Kimberly Peirce on the Art of War

imageWhen Kimberly Peirce’s 18-year old brother enlisted in the army after 9/11, she was devastated. Suddenly, Peirce was part of a military family and by 2003 her brother was fighting in Iraq. To better understand what he was going through, the Boys Don’t Cry director began interviewing soldiers, en route to making a documentary about the quintessential soldier experience. Back in Iraq, Peirce’s brother text-messaged her the story of a fellow solider who had been stop-lossed, sent back into combat against his will, even though his tour of duty was up. Peirce was stunned to discover that over 81,000 soldiers had fallen victim to the stop-loss policy, and decided to make it the backbone of her film, which would now become a drama. The result is Stop-Loss, a ragged and demanding film that examines the effects of the current war without exploiting the men and women who experience them.
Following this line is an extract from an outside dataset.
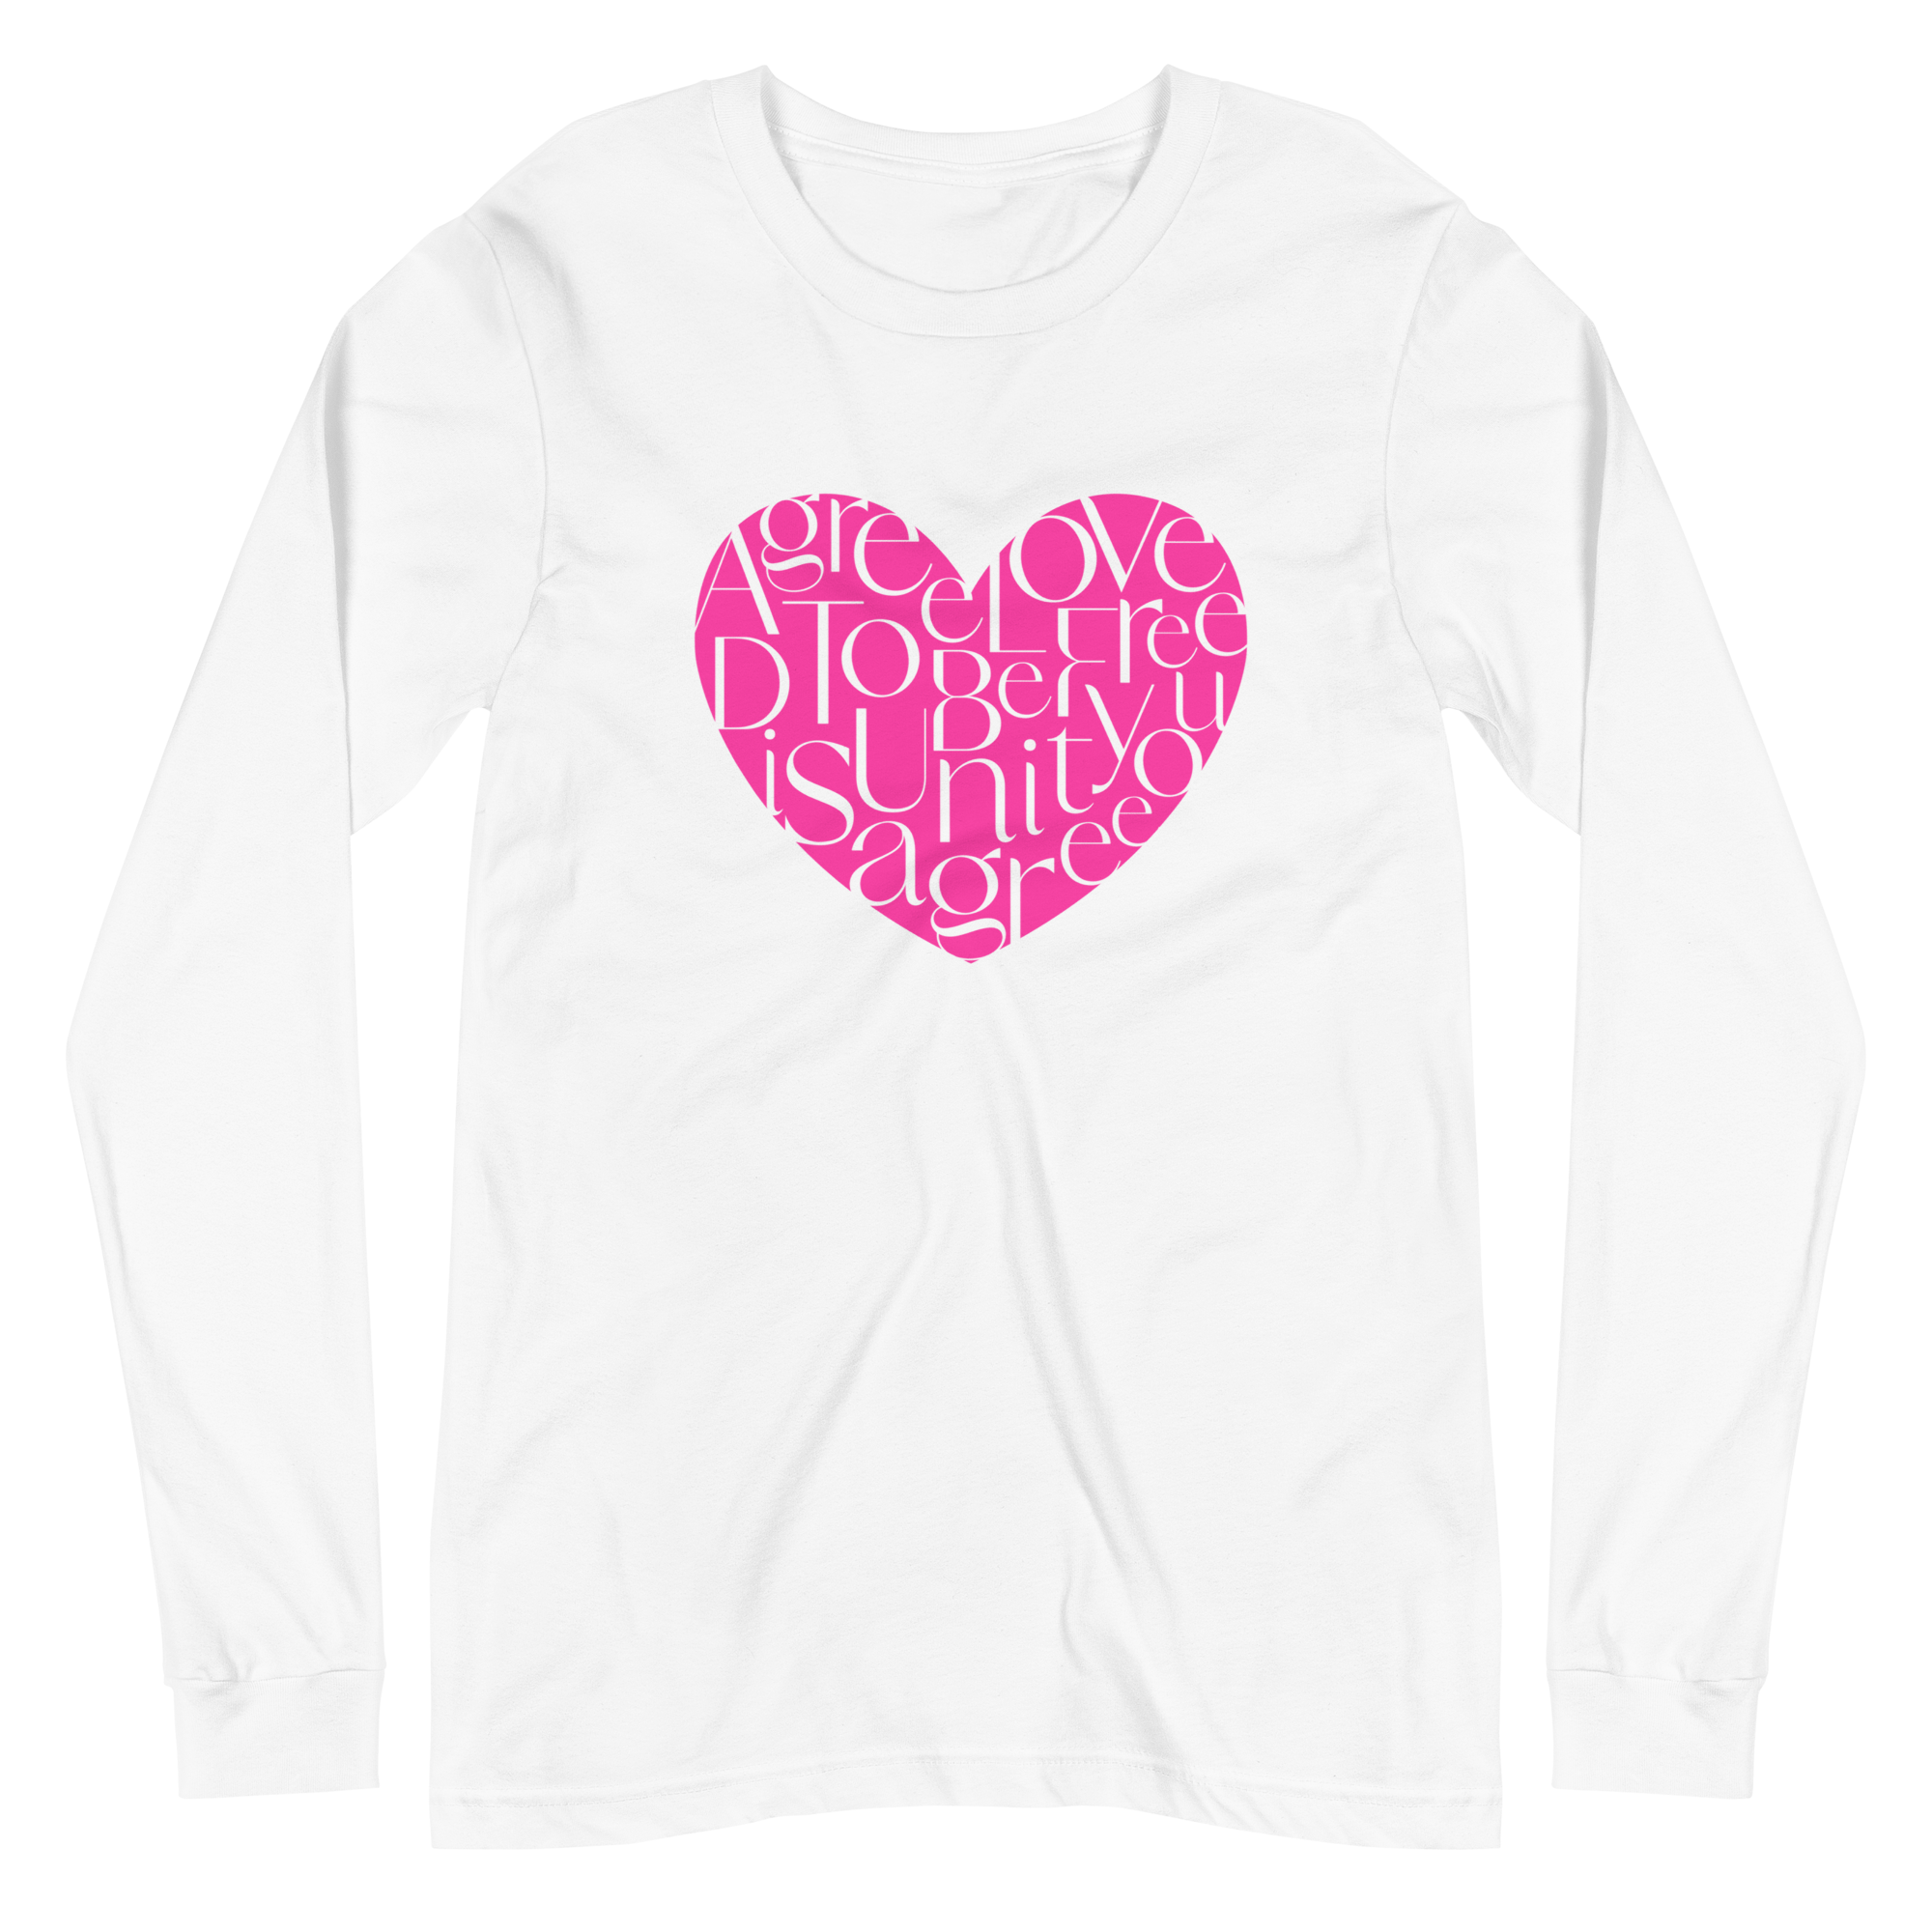 Agree To Disagree, Love, Unity, Be You, Be Free Unisex Long Sleeve Tee

Opening this Friday, it stars Ryan Phillippe as a soldier who returns to his small Texan town, only to discover that he’s been called back and has no choice but to return to Iraq—unless he runs.

It’s the latest in a slew of films about the Iraq war, but Phillippe is quick to note what sets it apart from the others. “The difference between our film and the other Iraq-related films is that ours is strictly from the soldier’s perspective,” he says. “There’s no political agenda and I think it’s a mistake for Hollywood to tell people what to think.” We sat down with Peirce at the Regency Hotel in New York to discuss her sophomore film, the war, and well, every single thing that has happened to her until now.

image Ryan Phillippe and Abbie Cornish in Stop-Loss.

BLACKBOOK: Take me through your trajectory as a filmmaker. How did you get to where you are today?

KIMBERLY PEIRCE: You want me to go all the way back to when I was born?

BB: I would, but we only have fifteen minutes. You started in photojournalism, but segued into film because photos weren’t “enough.”

KP: I was living in Japan and photographing a ton. I had a dark room in Kyoto and I was obsessed with character, and people, and place, and colors.

BB: Why Japan?

KP: My step-grandmother is Japanese and my boyfriend was Korean, and he was studying Japanese history. So I quit college for financial reasons, and rather than be poor in Chicago, I decided to do something interesting. It was the greatest adventure of my life.

BB: And how did you get involved in photography?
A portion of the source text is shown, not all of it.